If your wife has never been on a replacement medication before - she should start with a T-4 only or Armour and see what happens in 6 weeks. She may convert just fine and not need Cytomel.

What other symptoms is your wife having other than inability to lose weight?

Is she planning on going to a different doctor to ask for replacement medication?


----------



## lainey (Aug 26, 2010)

> Im thinking as if now 50mcg of t4 in the morning with 12.5mcg t3 then followed with another 12.5 t3 another 4 hours to start..


For the record, 25 mcg of T3 has the functional equivalent of 100 mcg of T4.

Such a dose is completely unnecessary in a person with a functioning thyroid such as your wife's.

Starting out at 150mcg of thyroid medication, with her numbers would endanger her health, quite frankly.

You can "shop" for a practitioner that will do it, but an appropriate trial dose would be 25mcg of T4.

You don't say how long it's been since the baby. Sometimes it takes a good bit of time--a year is not completely unusual--for the hormone balance to return to normal post partum. You also don't indicate if any antibodies tests were run that would indicate Hashimotos'.

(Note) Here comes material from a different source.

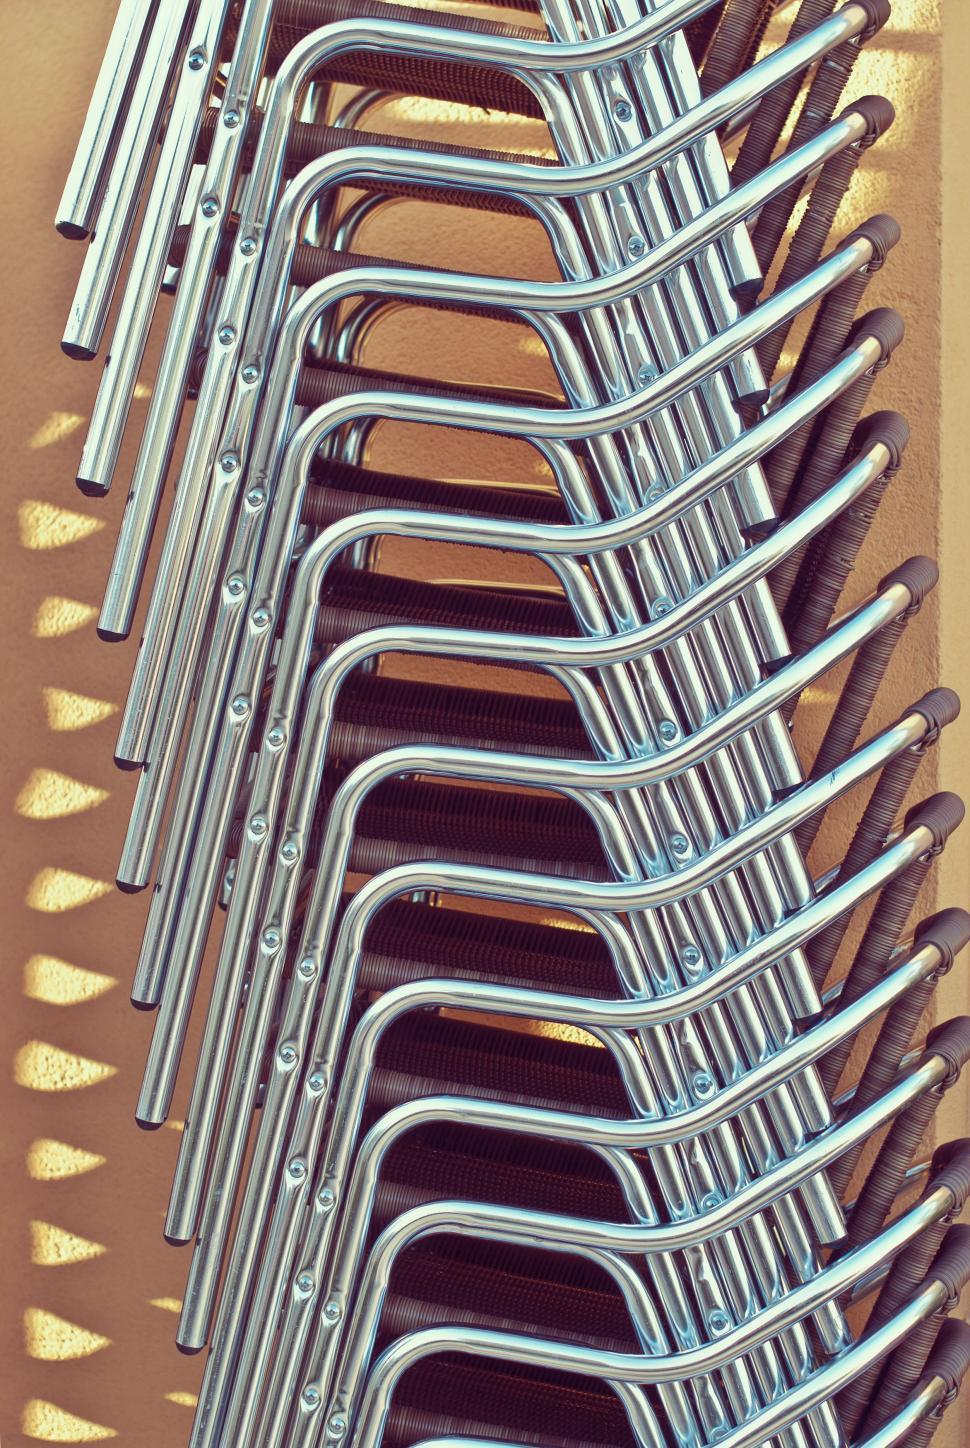 Free Image of Stack of Metal Chairs

Thyroid hormone is not a weight loss drug. Even if you take it, you still have to follow closely a diet and exercise plan.


----------



## tafuller80 (Jun 6, 2013)

its been 16 months since the baby...

I am a competing physique competitor so diet and training with us is all we do. We go to the gym 5 days a week for 2 hours like a religion and follow perfect eating habits with only one cheat meal a week.. Its just frustrating to her because she sees me at 7-8% body fat when she worked just as hard with a strict diet to now spin wheels.

I figured since t3 was directly low the 25mcg would help, t4 being the inactive hormone I almost thought supplementing with t3 only and then getting bloods done in a month.

I would like to see her TSH on the low end of normal and her t3 on the upper high end of normal..

Thanks for all your help, I came to these boards because you guys know this stuff inside and out.


----------



## tafuller80 (Jun 6, 2013)

Lovlkn said:


> Mid to 3/4 range for Free's is goal for the majority of people.
> 
> If your wife has never been on a replacement medication before - she should start with a T-4 only or Armour and see what happens in 6 weeks. She may convert just fine and not need Cytomel.
> 
> ...


tired, lack of energy, depression and lack of focus, hairloss, infrequent menstrual cycles...


----------



## joplin1975 (Jul 21, 2011)

Agreed with Lainey. Skipping over t4 medication, particularly with someone who has a functional thyroid, and going right to t3 meds (at very large doses I might add) is really dangerous.

I think its wise to do your research and think about the types and amounts of medication you'd be interested in trying...but having exact dosages and timing of meds is...kinda putting the cart before the horse, ya know? First, do no harm...


----------



## tafuller80 (Jun 6, 2013)

joplin1975 said:


> Agreed with Lainey. Skipping over t4 medication, particularly with someone who has a functional thyroid, and going right to t3 meds (at very large doses I might add) is really dangerous.
> 
> I think its wise to do your research and think about the types and amounts of medication you'd be interested in trying...but having exact dosages and timing of meds is...kinda putting the cart before the horse, ya know? First, do no harm...


I agree , we decided to start with t4 only then get bloods drawn in 4-6 weeks to see how she is at converting it to t3 and go from there.


----------



## Claire Voyant (Jun 4, 2013)

tafuller80 said:


> tired, lack of energy, depression and lack of focus, hairloss, infrequent menstrual cycles...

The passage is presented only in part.